Every year at this time, ministers meet to agree how much fishermen can catch in the upcoming year.

Elsewhere in the Atlantic, cod quotas are to be cut by 25 percent, as recommended by the European Commission.

Swedish Green MEP Carl Schlyter said he would attempt to convince the European Parliament to file a challenge to the decision over North Sea cod-fishing.

Mr Schlyter said that in 2002, the EU had made a major reform of its common fisheries policy in order to move away from the annual ministerial squabble over fishing quotas.

Long-term plans were to be established for the recovery of depleted stocks. The first plan under the new policy was a strategy for North Sea cod, agreed in 2003. According to the plan, quotas for cod in crisis were to be reduced by 15 per cent per year.

"Now the ministers have agreed on a new plan, whereby fishing on cod stocks in crisis should be reduced by 20 per cent per year," he explained, "[But] the Council has intentionally decided that the old rules no longer apply, while the new rules will not enter in to force for another year.

They have done this to "create a window, which they then exploit to increase quotas by a full 30 per cent."

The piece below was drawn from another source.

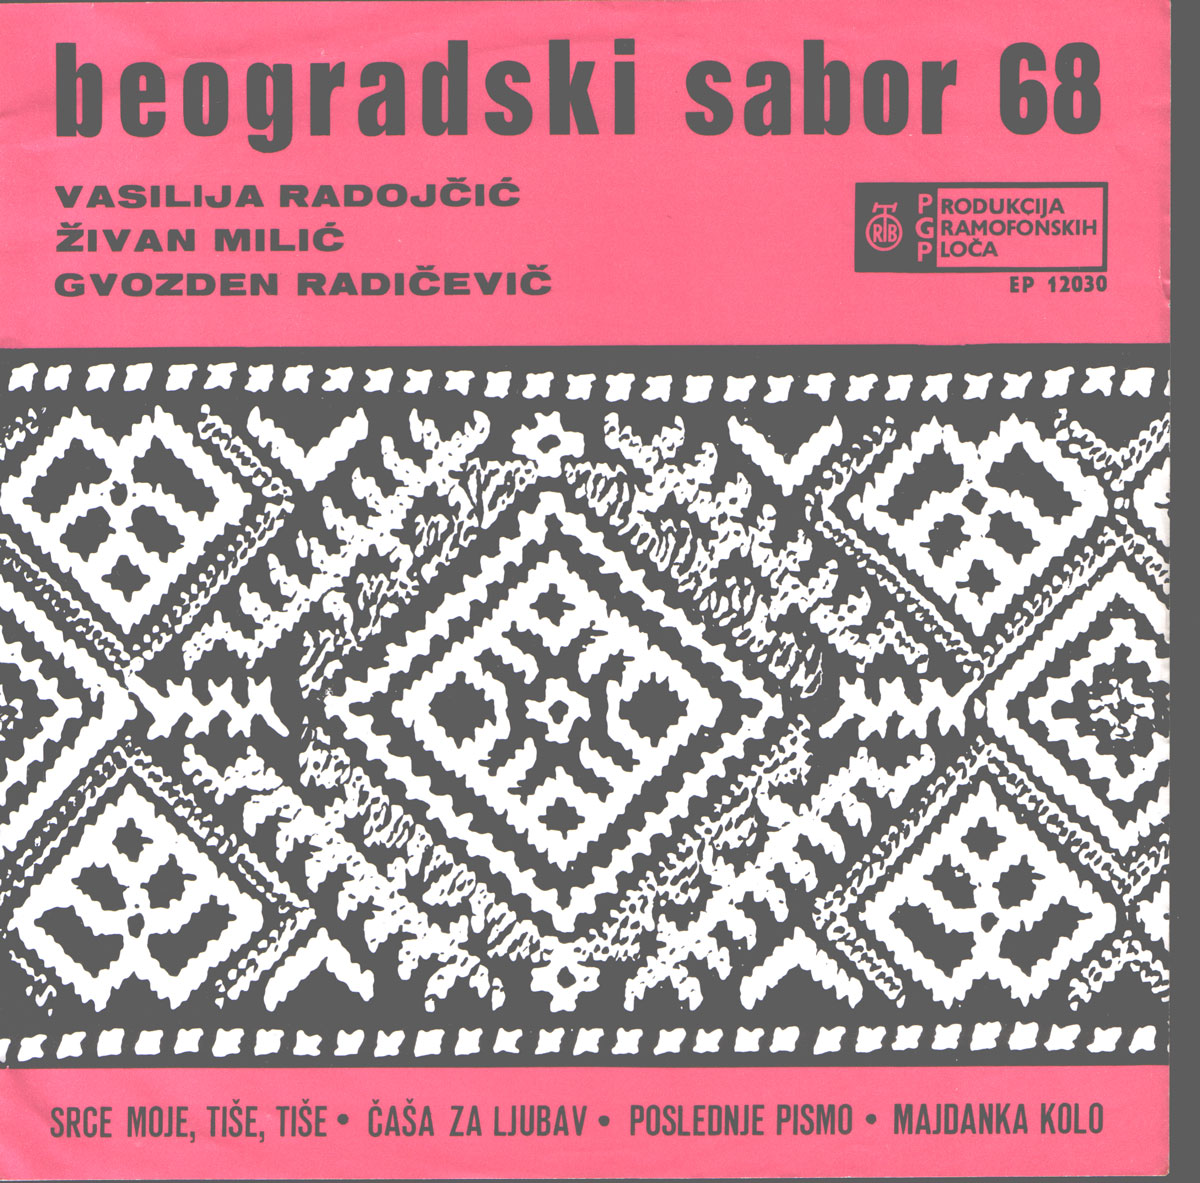 Bg Sabor 68 a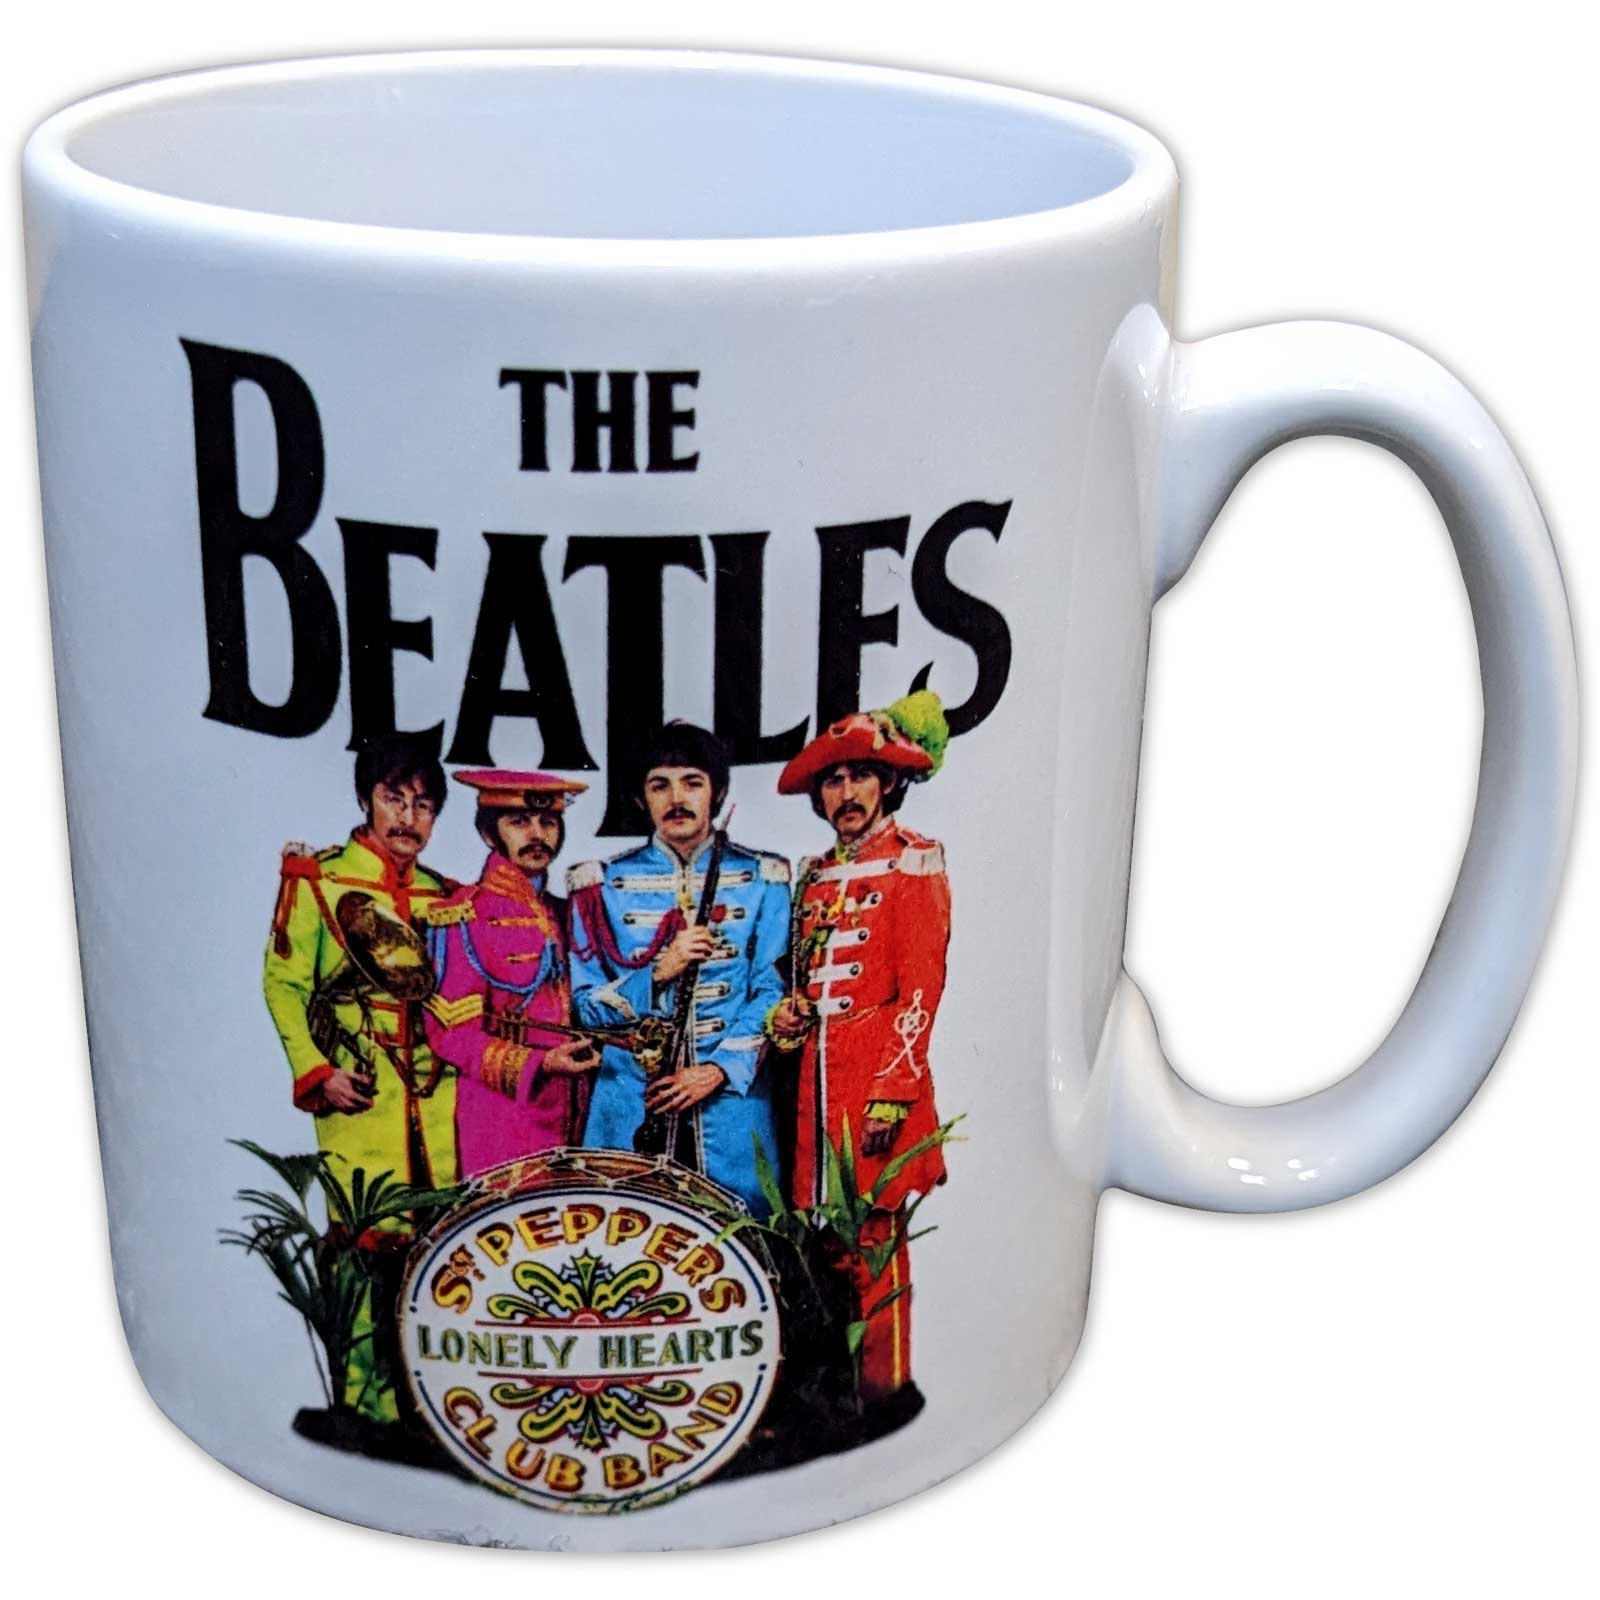 THE BEATLES ザ・ビートルズ (ABBEY ROAD発売55周年記念 ) - Sgt. Pepper / マグカップ 【公式 / オフィシャル】

"[It is] a flagrant breach of the fundamental principles of the EU fisheries policy," he said.

Discards

Discards was one of the key issues ministers discussed. Environmental groups say that between 40 and 60 percent of all fish caught are discarded in this way.

In one example, in the North Sea in 2007, fishermen caught 24,000 tonnes of cod and threw overboard another 23,000 tonnes.

The campaigners say that the announced quotas do not accurately reflect what is caught because more fish ends up in nets and then is thrown back than arrives ashore.

Marine environmental group Ocean welcomed those measures introduced to reduced discards, but still warned that they are not sufficient to tackle problem.

"This is a compromise agreement that attempts to satisfy everyone but helps no one in the long term" said Xavier Pastor, the director of Oceana's Europe office.

Ministers also agreed to a 50 percent reduction for the spiny dogfish in 2009 and a total allowable catch (TAC) of zero for 2010. Scientists had recommended a zero TAC from 2009 as the northeast Atlantic population is on the verge of collapse.

The Porbeagle will see a 25 percent reduction in 2009. Here too, EU scientists had recommended no targetted fishing of this species.

Catches for cod, hake, monkfish, sole and whiting have also been agreed above the recommendations of EU advisors.

The Gulf of Biscay anchovy fishery however is to remain closed, although ministers rejected European Commission recommendations for catch reductions in the Gulf of Cadiz anchovy fishery.

Ricardo Aguilar, a researcher with Oceana, said: "Many of the science-based proposals made by the European Commission have been ignored by the Council. Short-term economic interests have once again won out and stocks will continue to be fished to depletion."